Claude Larson and Library Music

There lived a German musician named Klaus Netzle who more often went by the stage name Claude Larson. Although Netzle had many more aliases, as befit a stock music composer.

I find his work rather interesting. Meant as disposable background music, he wrote in many genres, and composed and performed many, many songs. Him and others like him made albums that filled vast business libraries but, with few exceptions, were not known to the general public until the internet.

I give you one of my favorite Claude Larson tracks:

The Hard Lesson

The Ukrainian counteroffensive has not gained as much ground as hoped for. It’s important to see, as these respected experts did, that it’s not just a matter of insufficient equipment. Anyway, for a bit of Fuldapocalyptic contemporary commentary.

  • There’s the Russians getting better after their initial swing and a miss. Especially as…
  • There’s the problem that everyone, including the US, would struggle with an offensive against an opponent that has had months to fortify an inevitable and obvious avenue of approach over flat terrain
  • There’s the inherent material issues. After all, the last such offense I can think of that was a huge offensive against an opponent materially better in most ways was… the Battle of the Bulge. Which didn’t go so well for the attacker and devolved into a grindfest pretty quickly.
  • But there’s also the issues with Ukraine’s own military. Again, this isn’t something really to blame. Everyone (just look at Kasserine Pass) would struggle with complex operations after quickly raising an army in a rapid desperate period of total war. Yet mentioning these very real issues and mentioning their struggles as being due to something other than just the poor stingy west not giving them 200000000 tanks and a legion of Imperial Knights attracts a lot of angry criticism.
  • Ukrainians have every reason not to think like this, but from a western perspective, having a Ukraine with NATO/similar committment but without a bombed out strip of land in its east is vastly preferable to a Ukraine with said strip of land but still locked in a conflict.

The Cluster Debate

So the Americans have provided cluster weapons to Ukraine. Unsurprisingly, the internet debates around them have not been the most fruitful or productive. The consistent opponents are one thing in that I find their arguments as flawed as they are understandable. Yes, it’s perfectly fine to be concerned about unexploded ordnance and collateral damage-as if there wasn’t plenty of that already, most of it caused by…. someone other than Ukraine.

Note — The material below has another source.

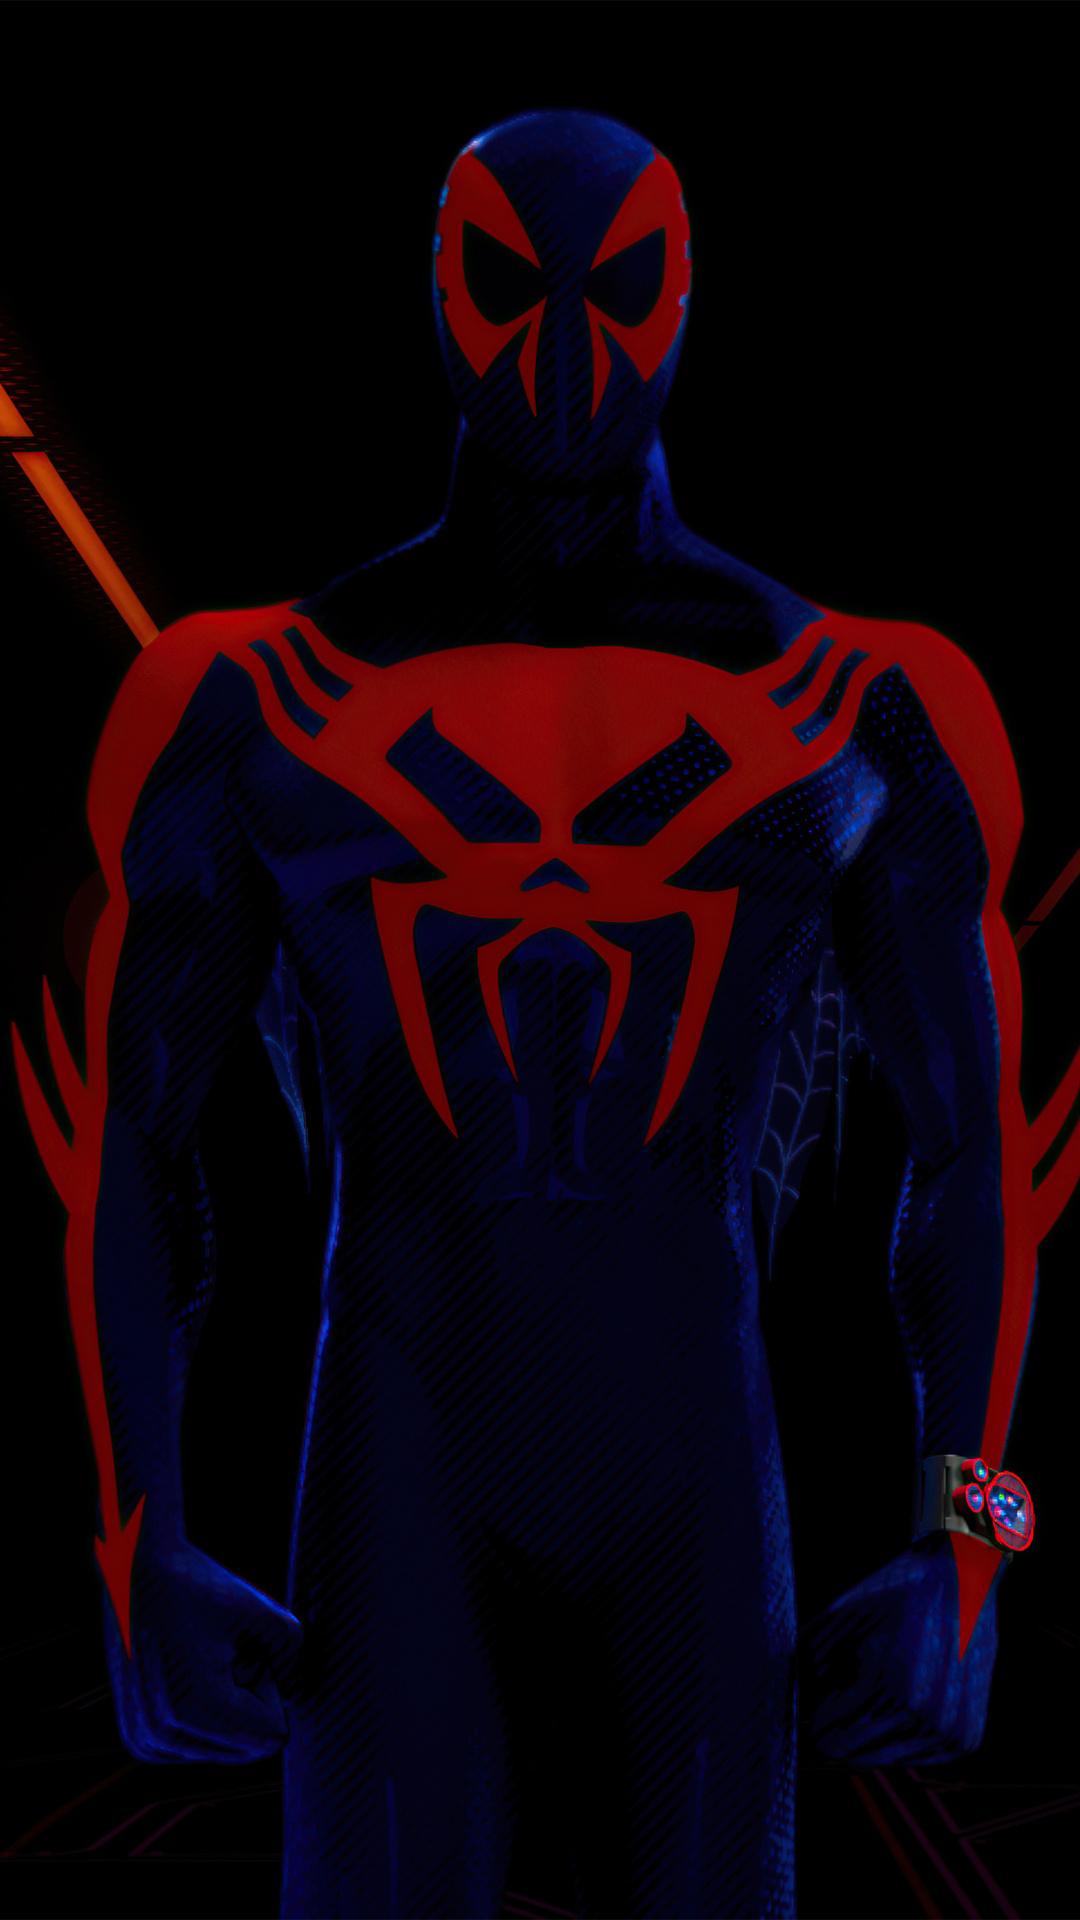 Spiderman Into the spider verse 2 wallpaper

But the more interesting thing to me has been the talk, largely from OSINT accounts, of treating clusters as an unstoppable superweapon. Between this and the Bayraktar TB2 slobbering of days past, it’s as big a sign as Michael Jordan’s baseball career that excellent talent in one area doesn’t equal having it in another. Anyway,

  • Concern about unexploded bomblets, and not just for collateral reasons, is valid.
  • Clusters are situational and even in the past before “normal” shells got better designed, had many situations where they were worse. They also had some where they were better.
  • Cluster shells will still be extremely useful, if only because they’re a fresh source of things that things that go boom.